Вежливость! Я им отвечаю:
– Вы знаете, я зашел бы, но вся история заключается в том, что у меня сегодня масса дел. И я не освобожусь раньше шести часов.
– Ну заходите в шесть, когда освободитесь. Мы вас подождем.
И это при том, что ОВИР закрывается не то в четыре, не то в пять!
Волков: Какая сверхъестественная предупредительность!
Бродский: А в тот день – так уж совпало – ко мне в гости пришел Карл Проффер…
Волков: Как вы с ним познакомились, кстати?
Бродский: Нас с ним Надежда Яковлевна Мандельштам познакомила. В один прекрасный вечер, помню, раздается от нее телефонный звонок из Москвы: «Иосиф, к вам зайдет один мой знакомый, очень хороший человек». И появился Карлуша, с которым мы подружились. Тотчас. И вот теперь он оказался в Ленинграде как раз в этот примечательный день, зашел ко мне со своими детьми. Я ему говорю: «Ты знаешь, Карл, какая интересная вещь – позвонили из ОВИРа, приглашают в гости!» И он этому, надо сказать, тоже подивился. А в тот день у меня действительно дел было навалом. Помню, какие-то переводы я должен был посылать в Москву – из какой-то там югославской поэтессы. И еще что-то, еще что-то… Последнее дело было на Ленфильме.
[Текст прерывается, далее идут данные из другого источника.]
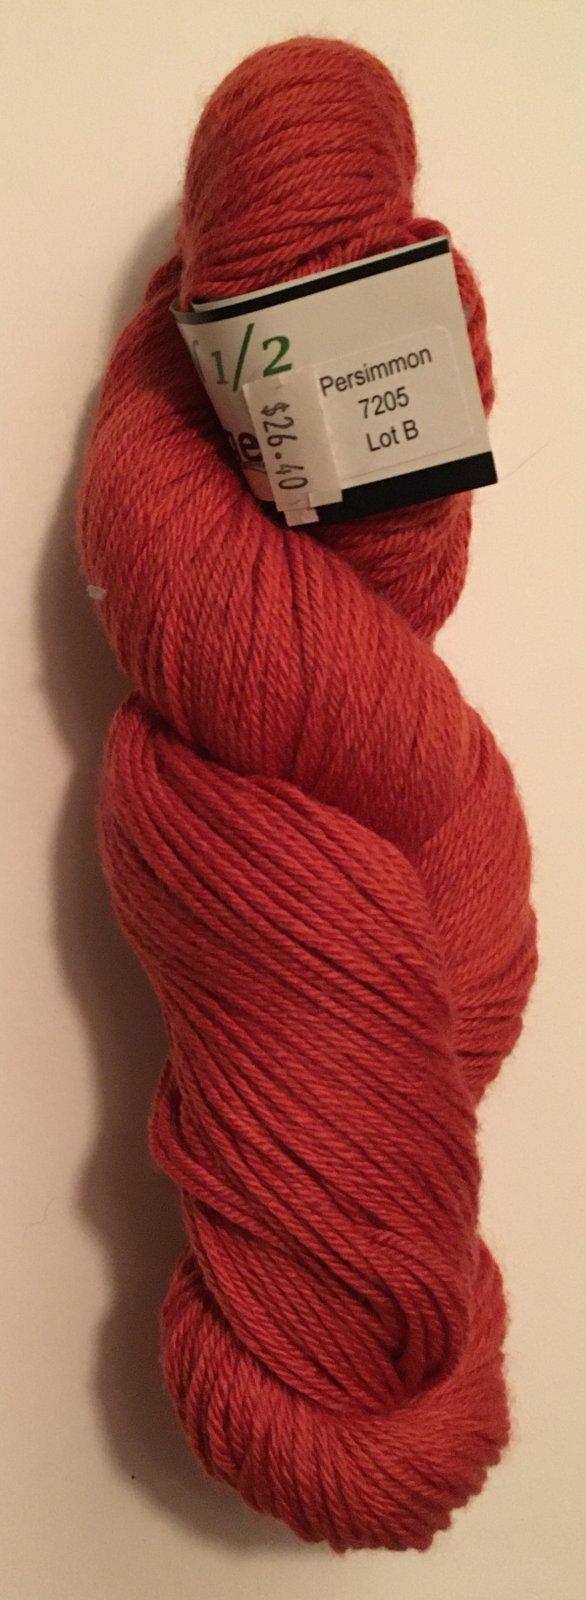 1/2 N 1/2  Flame: Color 7205 Dye Lot B

Волков: Вы для них сценарий писали?
Бродский: Нет, стихи подкладывал под какой-то мультипликационный фильм – уж не помню, венгерский или армянский. Часов в пять Ленфильм закрывался. Мы выходим с бабой, которая давала мне там эту работу (довольно славная девка была), и она говорит: «Ты куда сейчас? Нам домой идти почти по дороге!» А я ей объясняю: «Не могу, потому что мне сегодня с утра позвонили – представь себе! – из ОВИРа, чтоб я к ним зашел. Но ничего при этом не объяснили. Не понимаю, может быть, у меня какой-нибудь американский дядюшка умер и оставил наследство?» Потому что какие у нормального человека могут быть мысли на этот счет, да?
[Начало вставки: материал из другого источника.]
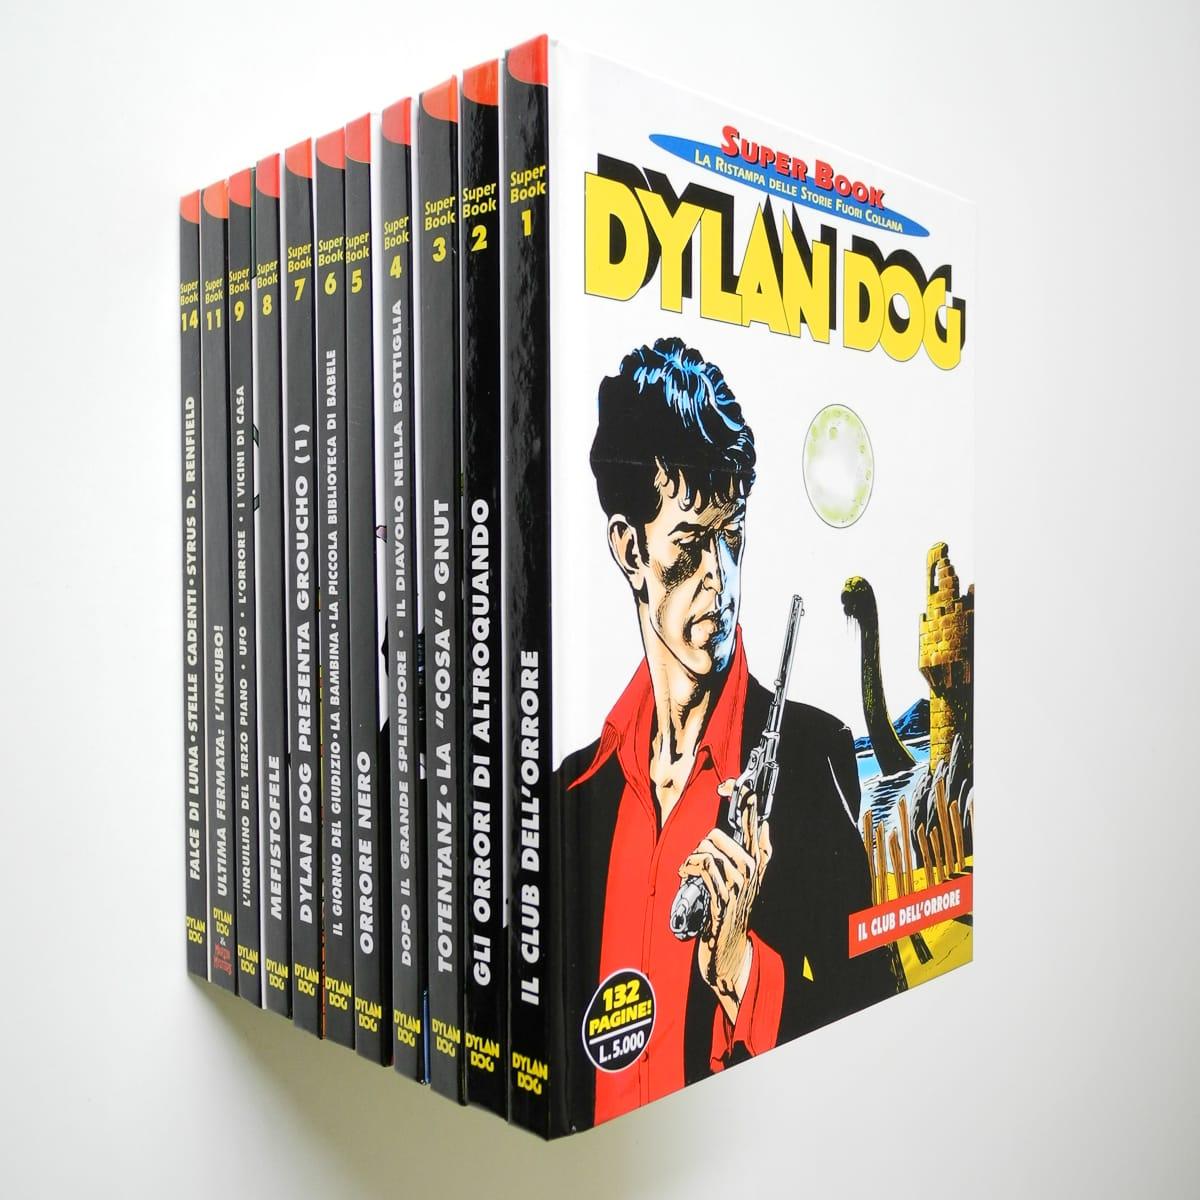 Dylan Dog Super Book sequenza completa n. 1/9, 11, 14 Bonelli

Волков: У нормального – никаких…
Бродский: Приезжаю я, значит, в ОВИР. Мусор стоит, отпирает дверь. Вхожу. Естественно, никого. Прохожу в кабинет, где сидит полковник, все нормально. И начинается такой интеллигентный разговор про дела и погоду, пока я не говорю:
– Вы ведь меня, наверное, не про погоду вызвали разговаривать? (Хотя понятия не имею, зачем я им нужен!)
Полковник говорит:
– Вы, Иосиф Александрович, получали вызов из Израиля?
– Да, получал. И даже не один вызов, а целых два, если уж на то пошло. А, собственно, что?
– А почему вы этими вызовами не воспользовались?
– А с какой стати я ими буду пользоваться? Прежде всего, я не знаю, от кого они, а затем… Вы вот меня не пустили ни в Чехословакию, ни в Италию, хотя меня туда тоже приглашали.
– Значит, вы не подали заявления на выезд, потому что предполагали, что мы вас в Израиль не выпустим?
– Ну коли вы меня спрашиваете об этом – да, предполагал, что не выпустите. Но это было совершенно ни первой, ни последней причиной.
А полковник этот танец, вокруг да около, продолжает и задает такой заинтересованный вопрос:
– Ну а какая же, скажем, была первая из причин?
– Ну господи – любая! Прежде всего: чего мне там делать, в Израиле, в конце-то концов? В гости съездить я бы не отказался, но насовсем? У меня тут свои дела…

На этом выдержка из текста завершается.